What conditions must be prepared before labor induction?
The success of labor induction is determined by medical factors and your readiness before undergoing it. Medical factors include health conditions and the opening of the uterus.
In order to support a successful induction, you can make the following preparations:
1. Understand all the options available
Labor induction can be performed using a variety of techniques. For example, the amniotomy technique involves breaking the amniotic fluid to speed up labor.
The first preparation you need to do before labor induction is to consult a doctor about this.
Ask why the doctor suggested induction, the technique to use, and any other information you may need.
2. Knowing the condition of your uterus
Before deciding to undergo induction, you must first know what the condition of your uterus is like.
The reason is, induction is easier to do when your uterus is ready for labor.
Usually the doctor will inform you about this when you consult.
The elements that you need to pay attention to include the width of the opening, the length of measurement, and the softness of your uterine muscles or not.
In addition, also understand how low the position of the fetus in your uterus and whether there is a possibility of breech.
3. Know the expected day of birth
Labor induction is a process that will run more easily when you are nearing your due date (HPL).
So, try to consult your doctor about the date of birth as you prepare for labor induction.
The uterus will be better prepared for labor the closer you are to your due date.
If you don't know your due date or if you haven't reached 39 weeks of gestation, your risk of delivery usually becomes higher.
What will be done if labor induction is unsuccessful?
Before doing induction there are several things that need to be considered.

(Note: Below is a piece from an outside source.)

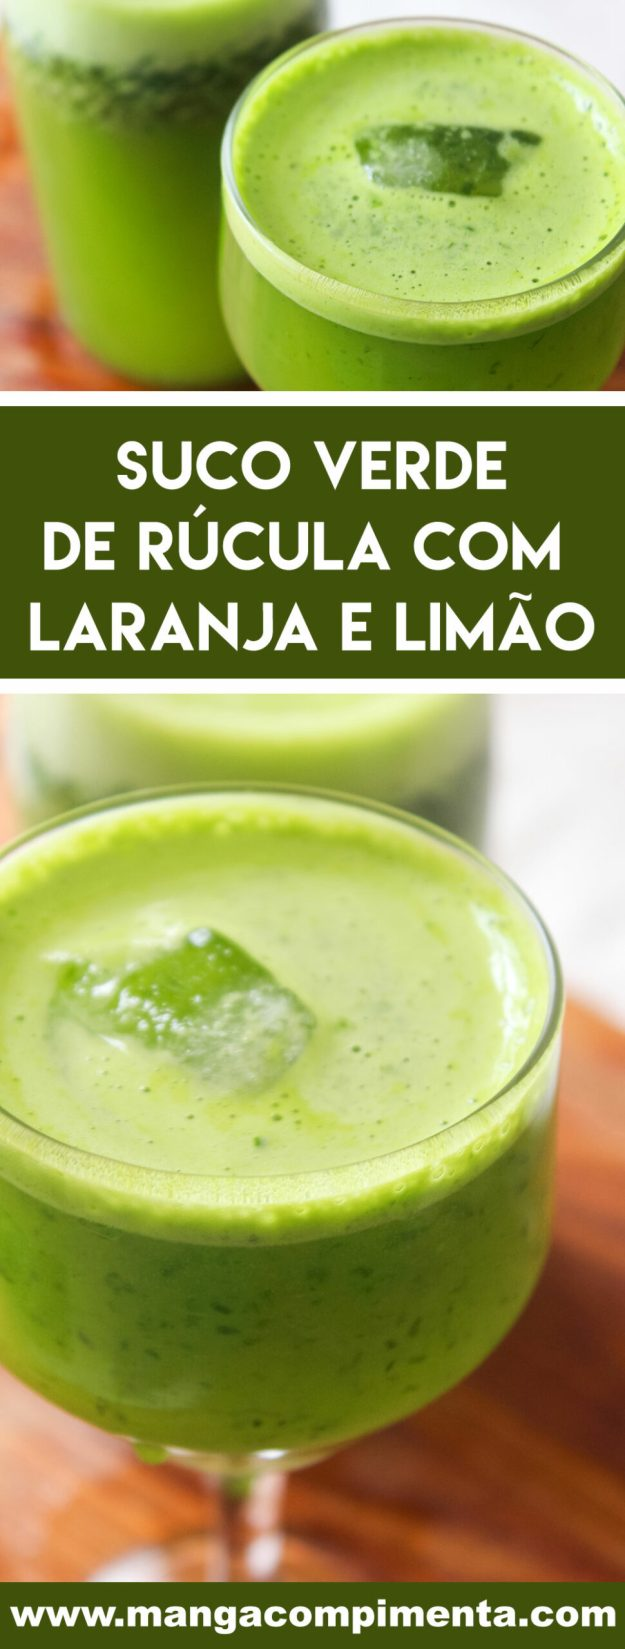 Receita de Suco Verde de Rúcula com Laranja e Limão - uma bebida nutritiva para começar bem o dia!

The doctor will do a cervical assessment. The success of labor induction depends on the pelvic score.
Another thing to consider before deciding whether labor induction is necessary or not is the mother's vital signs.
Take for example blood pressure, pulse, respiration and temperature, fetal heart rate, excessive uterine contraction abnormalities, and bleeding or not.

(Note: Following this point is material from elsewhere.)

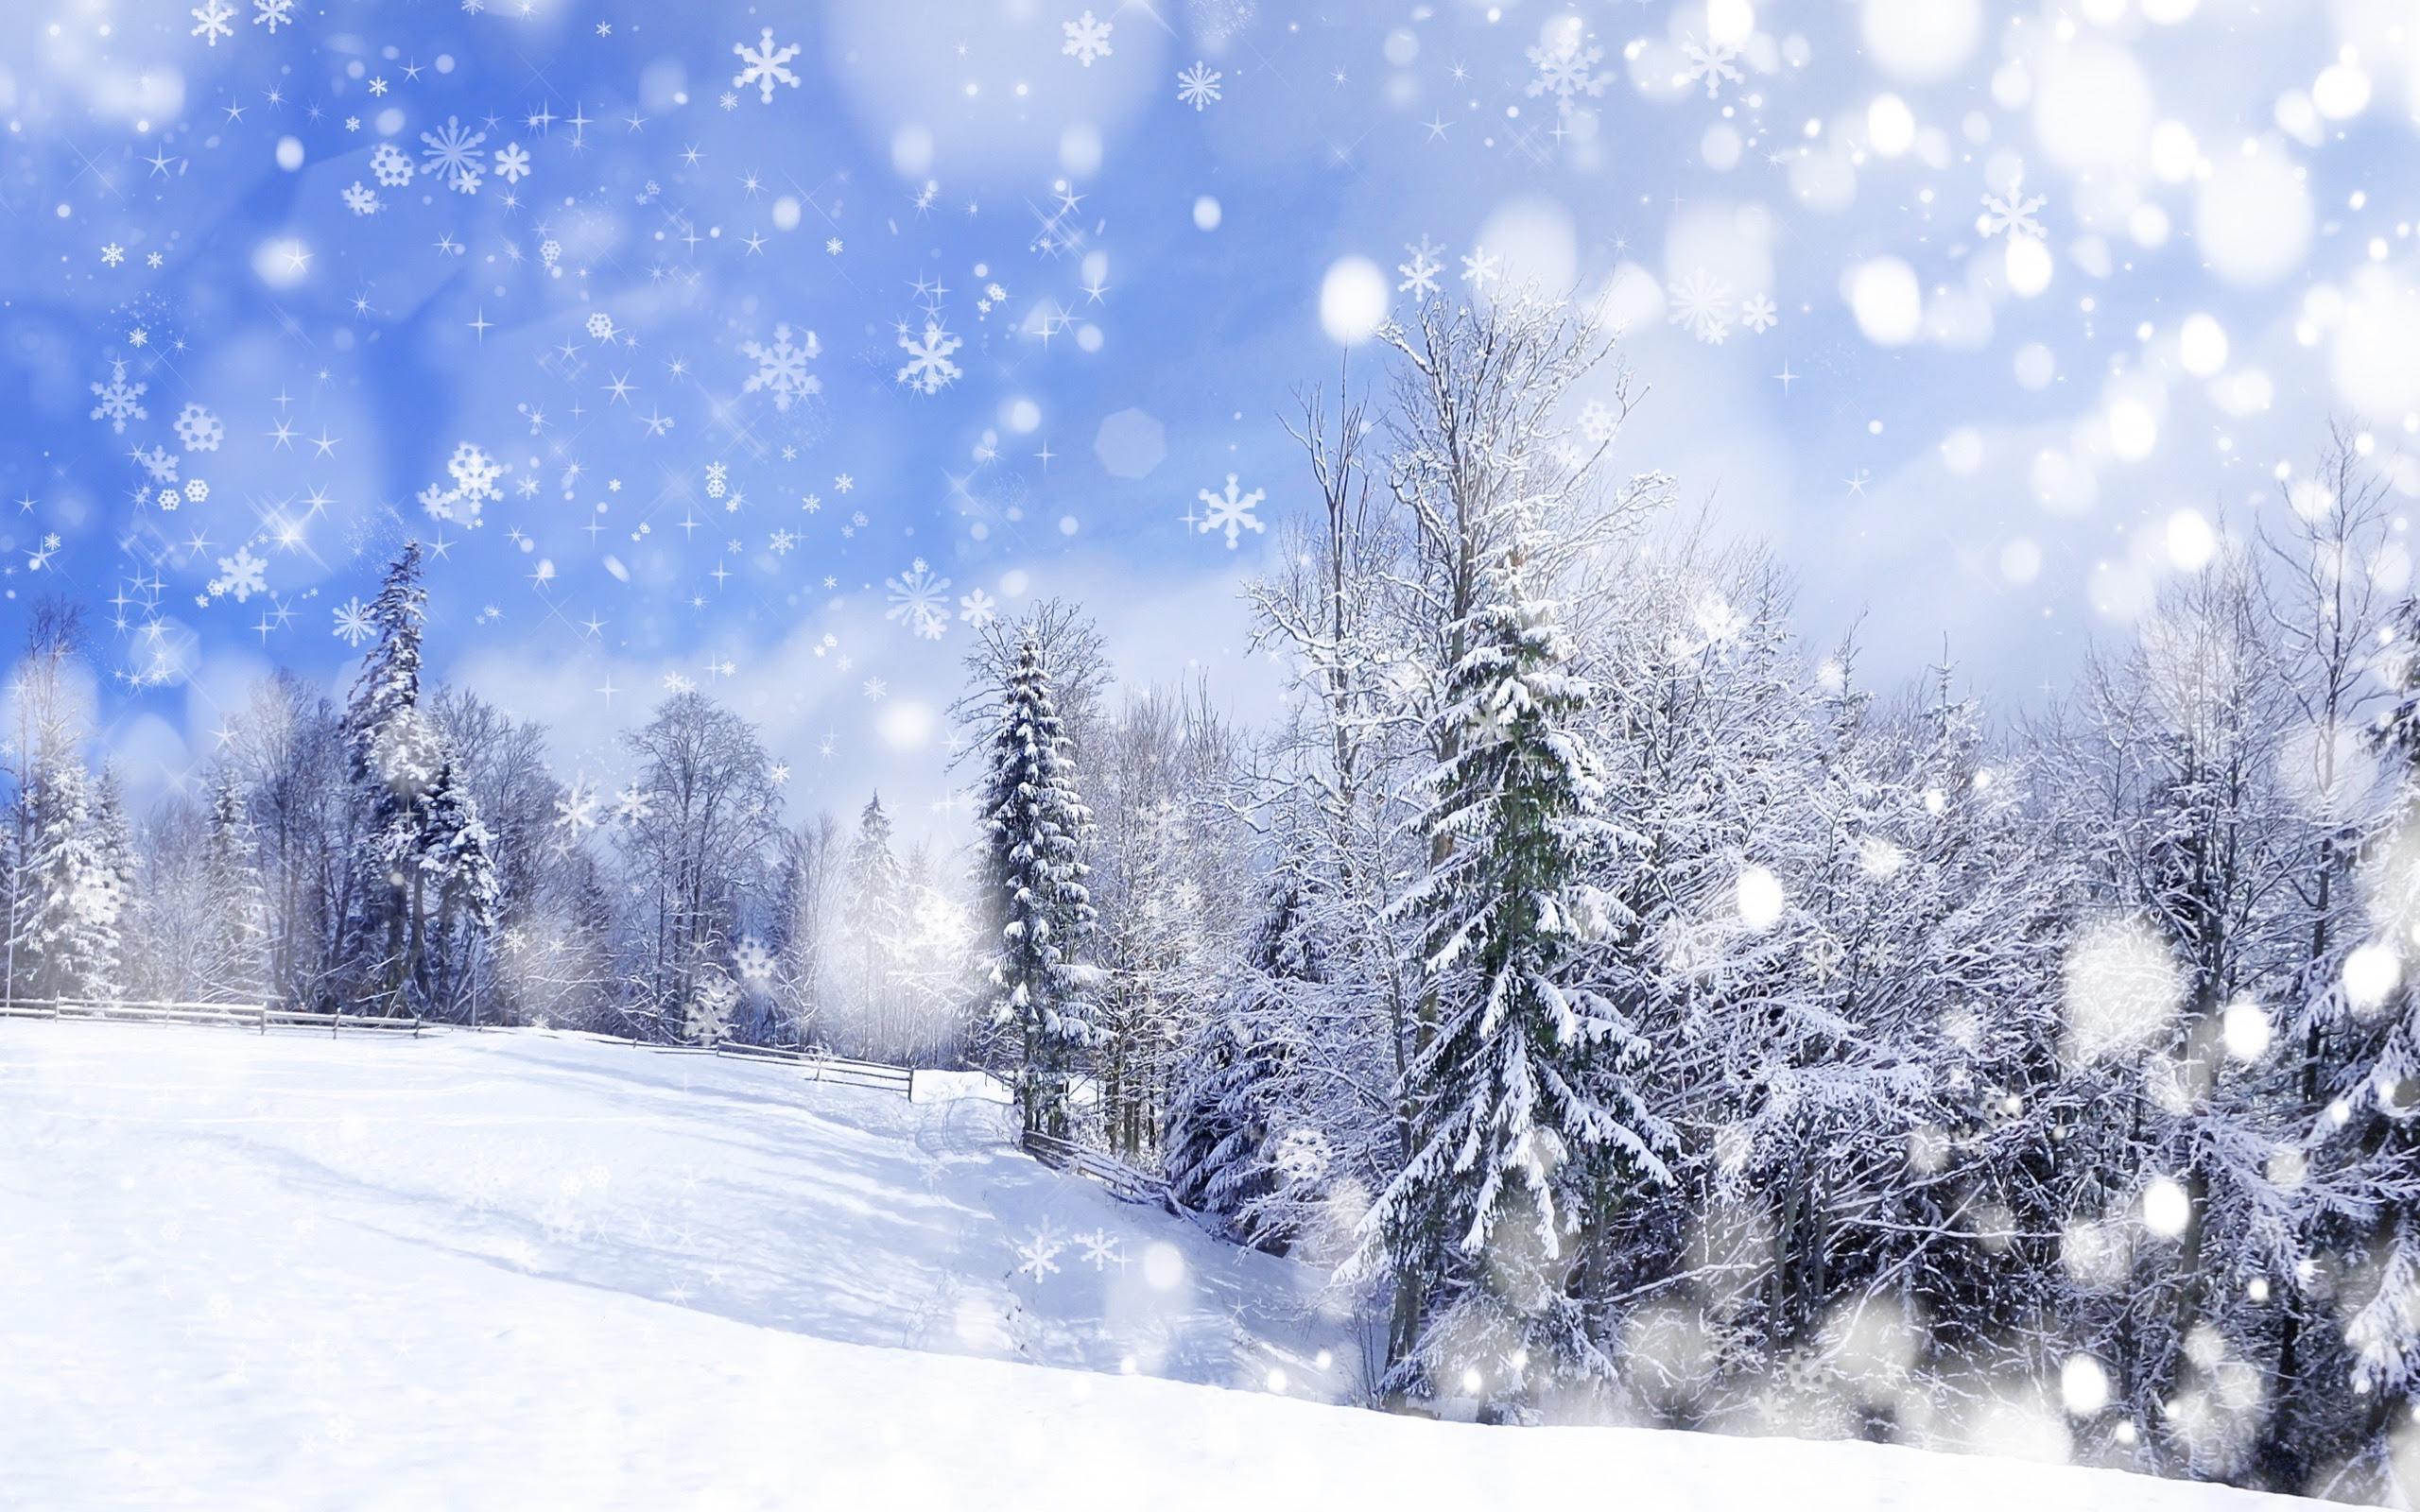 17 Winter Scenery Hd Wallpaper Basty Wallpaper

Induction of childbirth or birth is a process that is not always successful.
If you have this, your obstetrician or midwife will first observe the condition of the mother and baby.

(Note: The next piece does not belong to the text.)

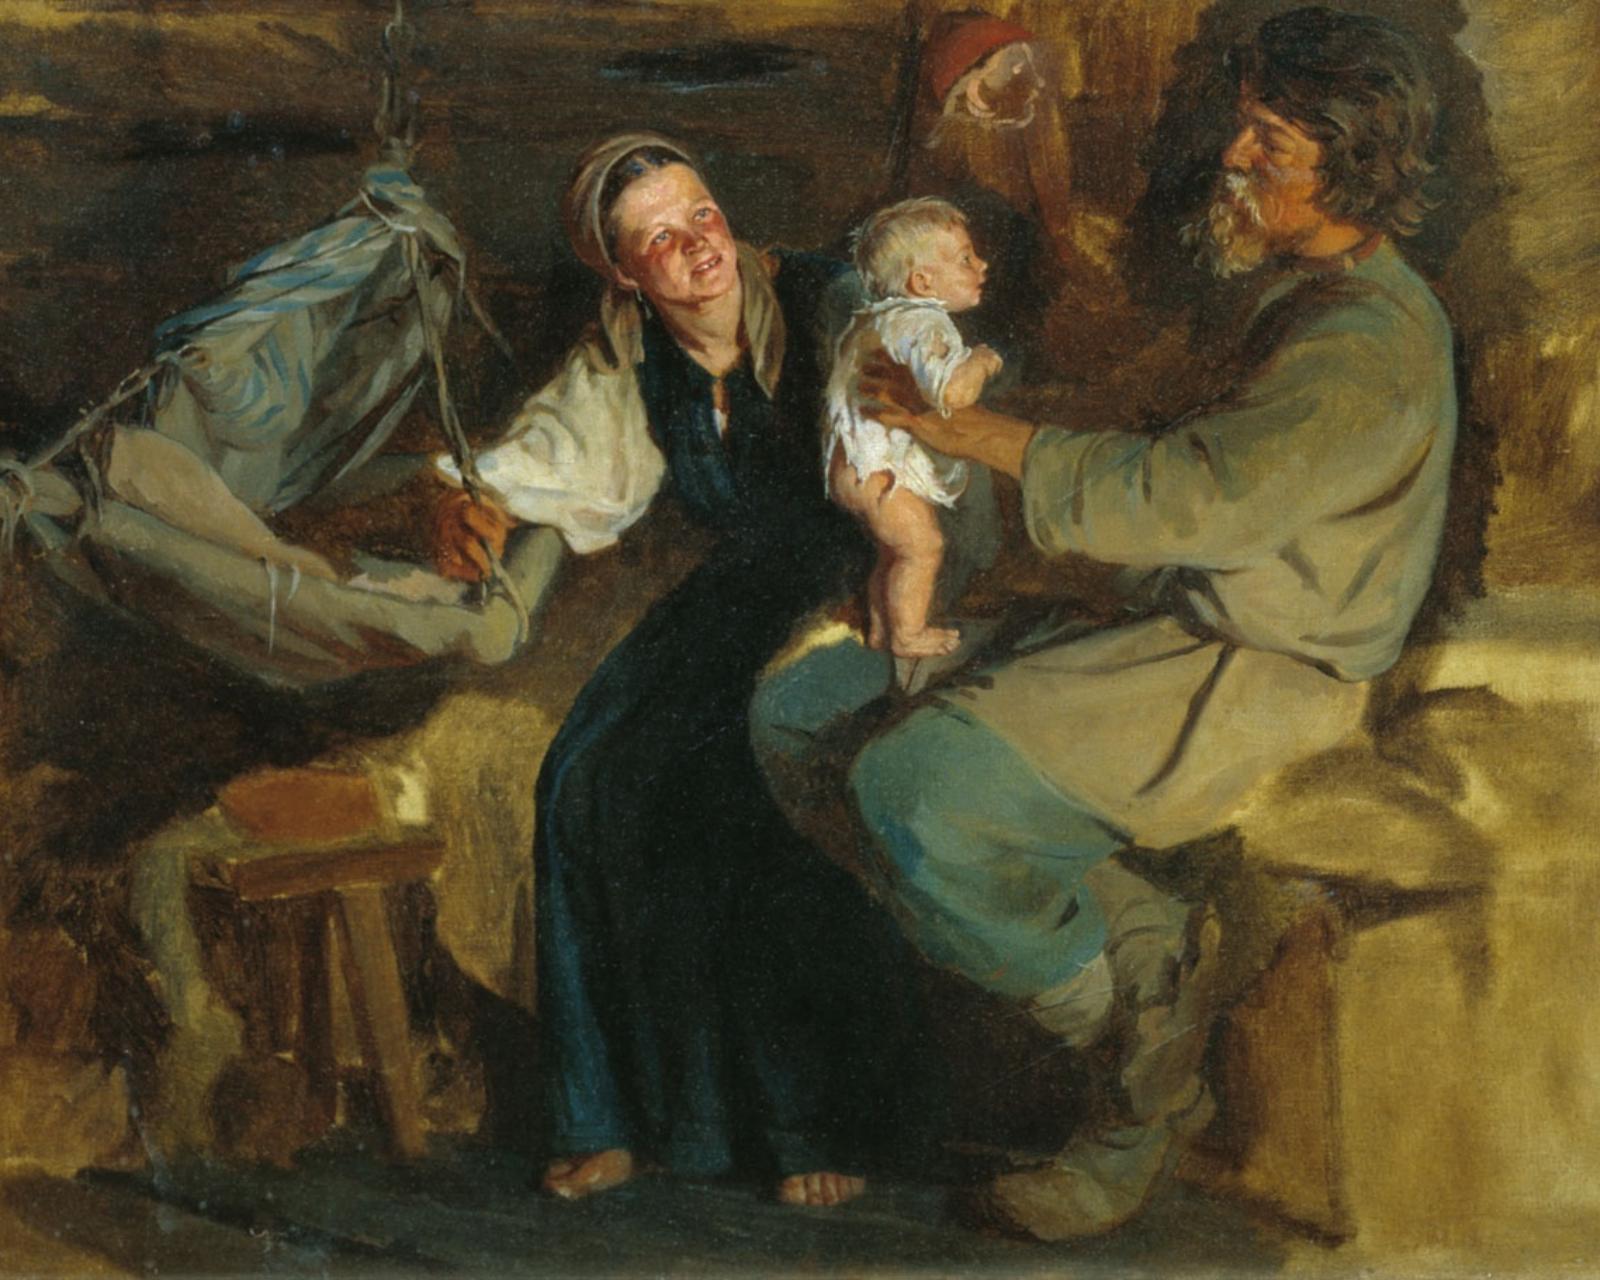 К. Лемох. Родительская радость. До 1910 г.

That is why induction must be carried out under the close supervision of the treating doctor.
Labor induction is a procedure that can be declared a failure if the mother is unable to reach the desired target contractions.
The doctor who handles labor will pay attention to the response of the uterus to the contraction drug that has been given.
If the mother is not strong or experiences excessive pain, the induction can be stopped.
It is likely that the doctor will offer another method of induction of labor or a caesarean section if that does not work.
A cesarean delivery is required when labor induction isn't working, especially if you've never had a birth before and your cervix isn't ready for delivery.
The mother will be given the opportunity in advance to discuss this situation with the obstetrician who handles childbirth.